Thread: How to achieve generic code while specializing behavior?

Hey guys,

I was wondering if it's possible to write a generic-but-specialize-able code.

For example, I'm trying to build an iterator for a container. I want it to be bidirectional and I realize that my way of iterating either way in the container has roughly the same structure.

The iterator stores an 'Element' pointer and a 'State' type.

The container stores a vector of unique_ptr's to Elements. Each Element has a State of Default, Alive, Free or Boundary. While iterating, our state will never be Default. While we're either Alive or Free it's safe to treat the iterator's internal pointer as one to contiguous memory (because it's allocated as such [type of pointer is std::unique_ptr<Element<T> []>]). At the boundaries though we need much more special behavior.

Boundary types are Elements who contain a pointer to another Boundary Element on a separate block of memory. This way, the container can allocate its memory in blocks and they can be linked to provide a means of iteration.

The container also stores a copy of the address of the very first element and the very last element, both of which are type Boundary.

I have a step function whose skeleton looks like this:

Code:

template <class T> void ContainerIterator<T>::Step()
{
  if (state_ == Element<T>::State::Boundary) {
    if (element_ == container_.first_) {
      // forward: advance pointer
      // backward: just return
    }
    
    if (element_ == container_.last_) {
      // forward: just return
      // backward: retract pointer
    }
    
    // forward: ++element; 
    // backward: --element;
    state_ = element_->GetState();
  }

   /* ... */
}

So, instead of writing StepForward() or StepBackward() functions, how would I be able to get specialized behavior using compile-time constructs? Or is it even possible? I've been trying to approach this using lambdas or something conceptually similar and use a run-time construct.

I wound up settling for function pointers. But I'm pleased with the results. Here's the code if anyone wants to see. It's under container-iterator.hpp but all the files are kind of intertwined which is why I posted the github link.

Дякую, MutantJohn! Thank you, MutantJohn!

Originally Posted by Дмитро

Дякую, MutantJohn! Thank you, MutantJohn!

Lol you're welcome, I guess.

Originally Posted by Elysia

If you're going to use function pointers, you may as well use std::function for genericity.

That was actually one of my very first drafts!

I'm, of course, using Valgrind to help debug my code and I noticed a rather large increase in the number of allocations when I did use std::function. A little scary. Maybe I'm micro-optimizing but naked function pointers didn't seem any less attractive to me than using std::function.

But I will say this, the syntax for pointers to member functions is definitely not what I thought it would be, that's for sure. And when I was using std::function, I think I had to use std::bind and I was binding "this". How cool is that? It's the most JavaScript-y thing I've ever done in C++!

I see...

That's good advice. I'll give std::function a try again.
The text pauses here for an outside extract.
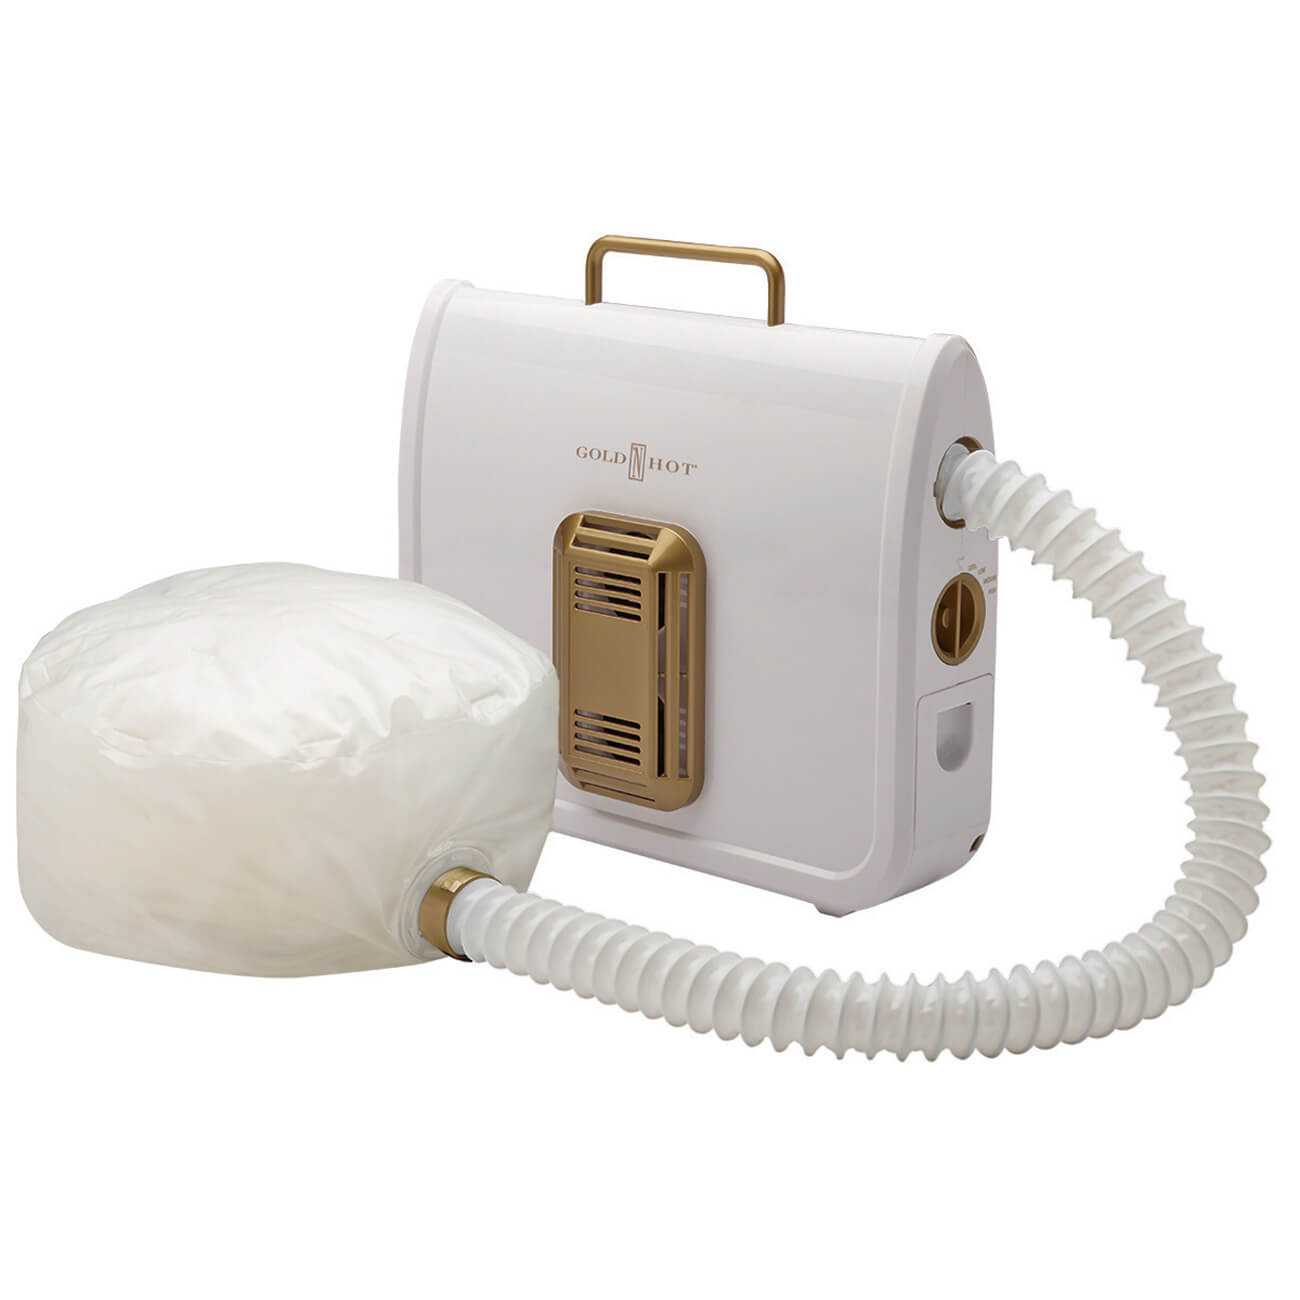 Gold 'N Hot Professional Ionic Soft Bonnet Hair Dryer

Ooh, the coolest part about C++ is that a declaration can have multiple definitions! That's literally one of the the biggest things I actually wind up missing from C++. Overloading, man. It's super awesome.

Also, a stateful​ lambda? What do you mean by that? Hold on, I'll just google it...

Thanks for the correction!

Also, how does "this" bind context in C++? Like, does the context ever change and I need to bind?

Omg you're right! My JavaScript is showing! This is just a pointer

You're awesome, Elysia. Thank you

No MutantJohn, you are awesome! Дякую, MutantJohn!

Originally Posted by Guest

No MutantJohn, you are awesome! Дякую, MutantJohn!

Code:

#include <iostream>

int main(void)
{
  char x[3] = [ 'l', 'o', 'l' ];
 
  for (size_t i = 0; i < 3; ++i) {
    std::cout << x[i] << std::endl;
  }

  return 0;
}